After technical or on-the-job training, blue-collar workers with skills can earn at least $20 an hour. Experienced manufacturing workers can earn double that, with benefits. And good pay is often available much earlier in a skilled worker's career. But earnings over a working lifetime are unlikely to grow as much as a college graduate's salary, which may start out low but has more upside potential as they move up the corporate ladder. While an experienced, top-notch mechanic might make $70,000 a year, a top manager's salary can go into six figures.

There is one under appreciated advantage to skilled work: stable employment.

"A goof mechanic could get a job anywhere in the world," said Chermesino's boss at Direct Tire, Barry Steingberg.

Richard Leger, owner of Greaves Electric Co., in Needham, is so desperate to hire electricians he hangs signs at homes where crews are working; "Employment Opportunities Available." He looks for young people with a work ethic - they are not easy to find - he can train as apprentices. Leger, who is 33, believes he can explain the shortage: "Today's video game playing youth are not shown that there is manual labor required in the world."

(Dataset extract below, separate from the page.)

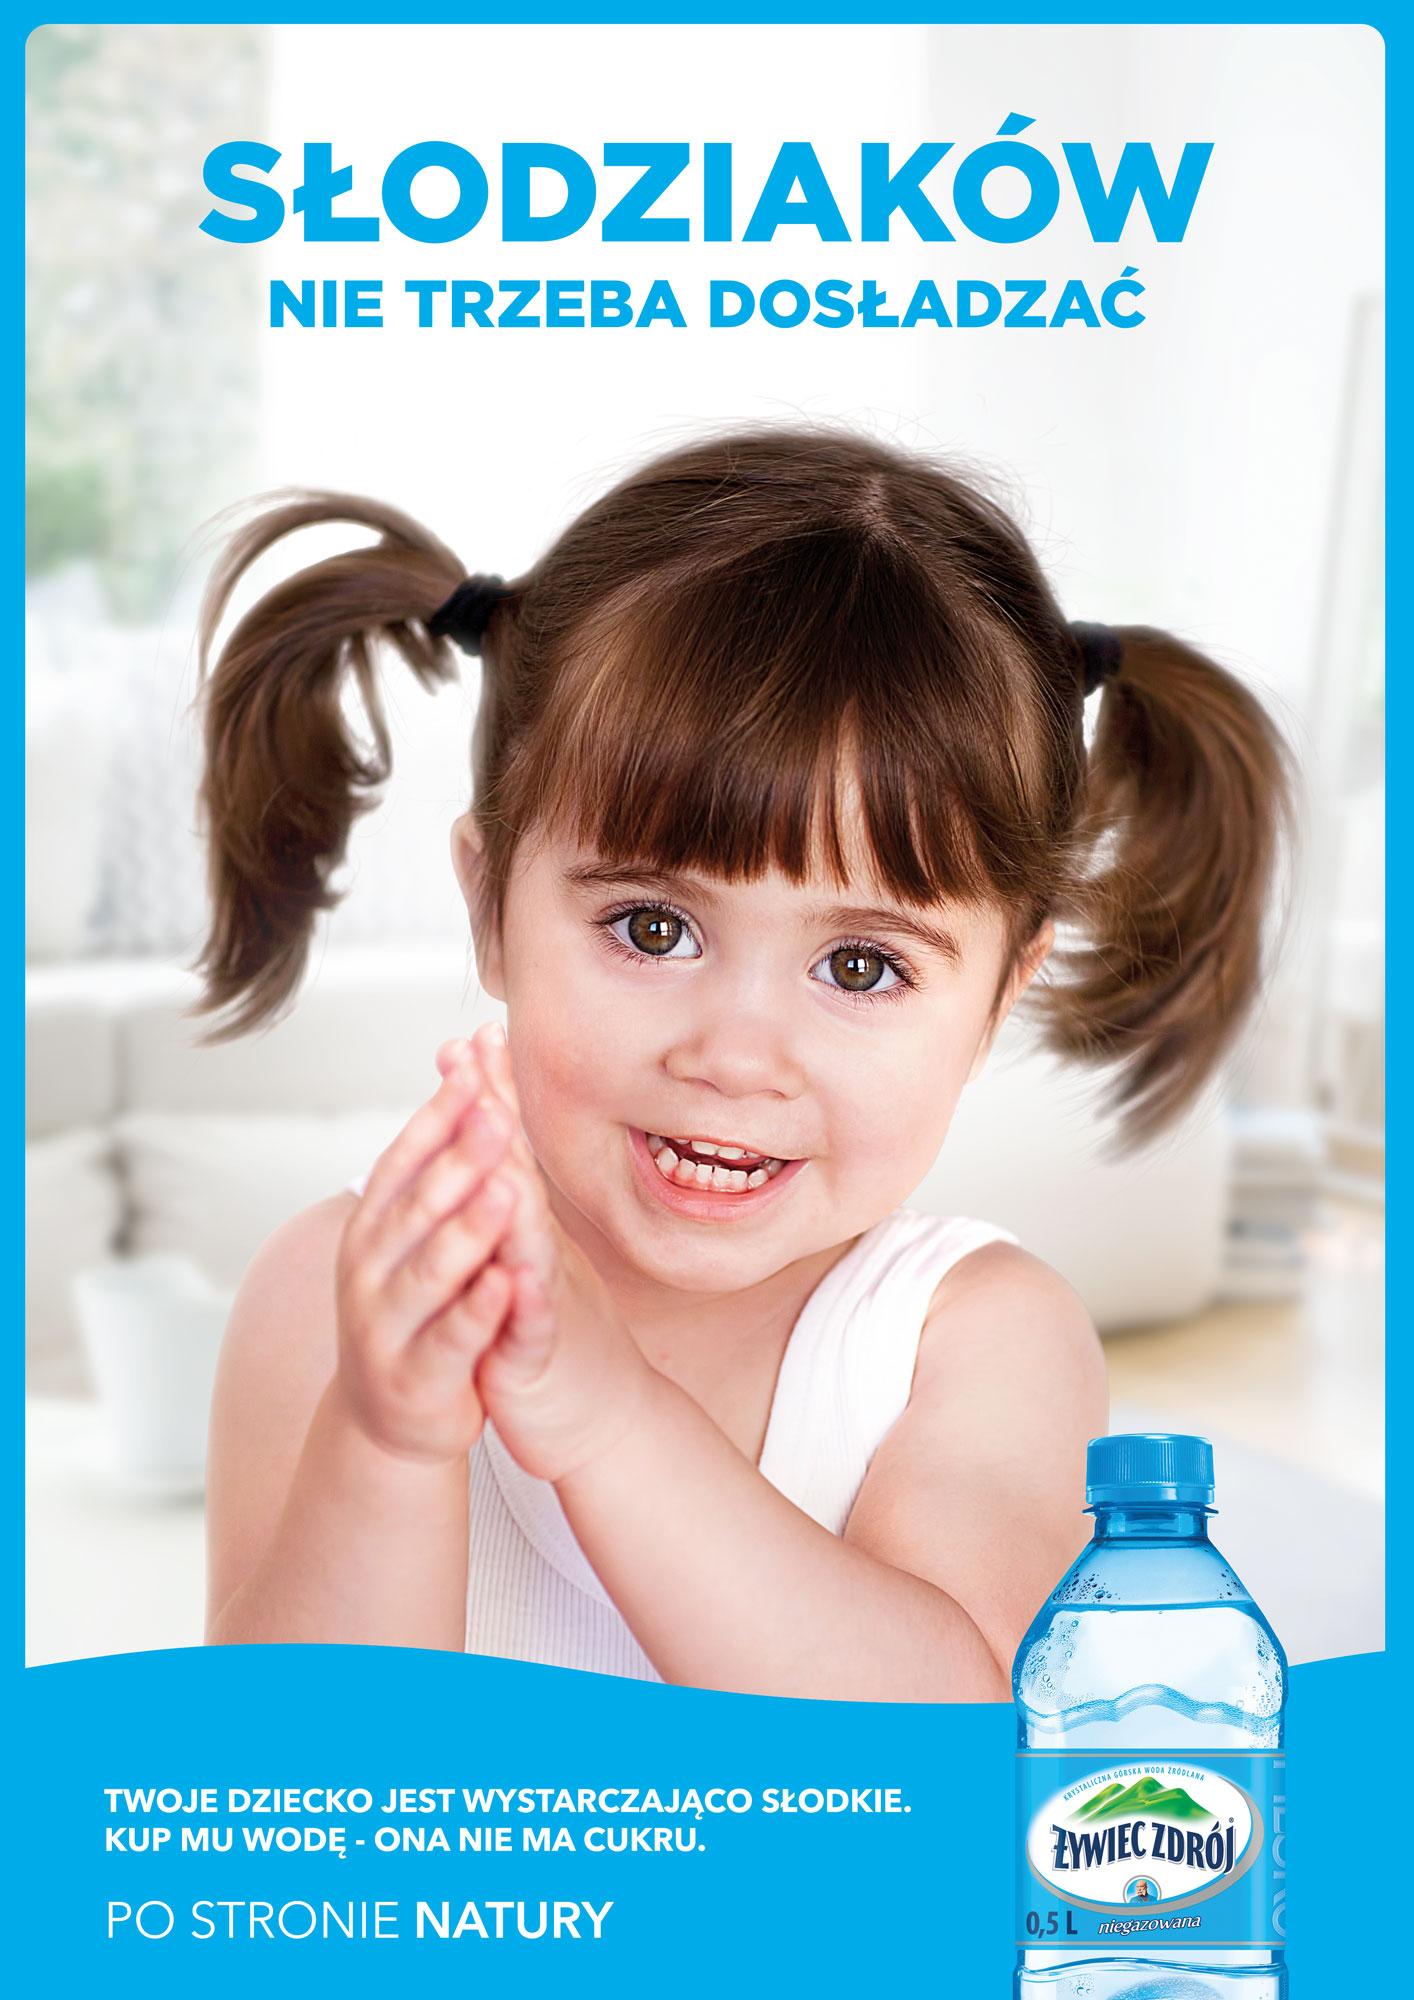 ywiec-Zdrój_VML-Poland

One of his employees, Jerry McLaughlin, held a dead-end job in an electrical-supply warehouse when Leger, a friend of McLaughlin's cousin, called him about a job. McLaughlin, 27, joined Leger's firm six years ago and apprenticed with the boss.

The son of an auto mechanic and grocery store cashier, McLaughlin's high school classmates in Newton all seemed college bound. He struggled with college before finding a niche as an electrician, which presents challenges with each assignment.

College "was just the thing everyone was doing, and as far as I know that was how you made money," he said. "I think people still kind of look down on the blue-collar crowd."

Steinberg at Direct Tire resorted to a headhunter, a practice usually reserved for the white collar world to find 11 automotive technicians over the years.

"They're almost as difficult to get as brain surgeons," he said.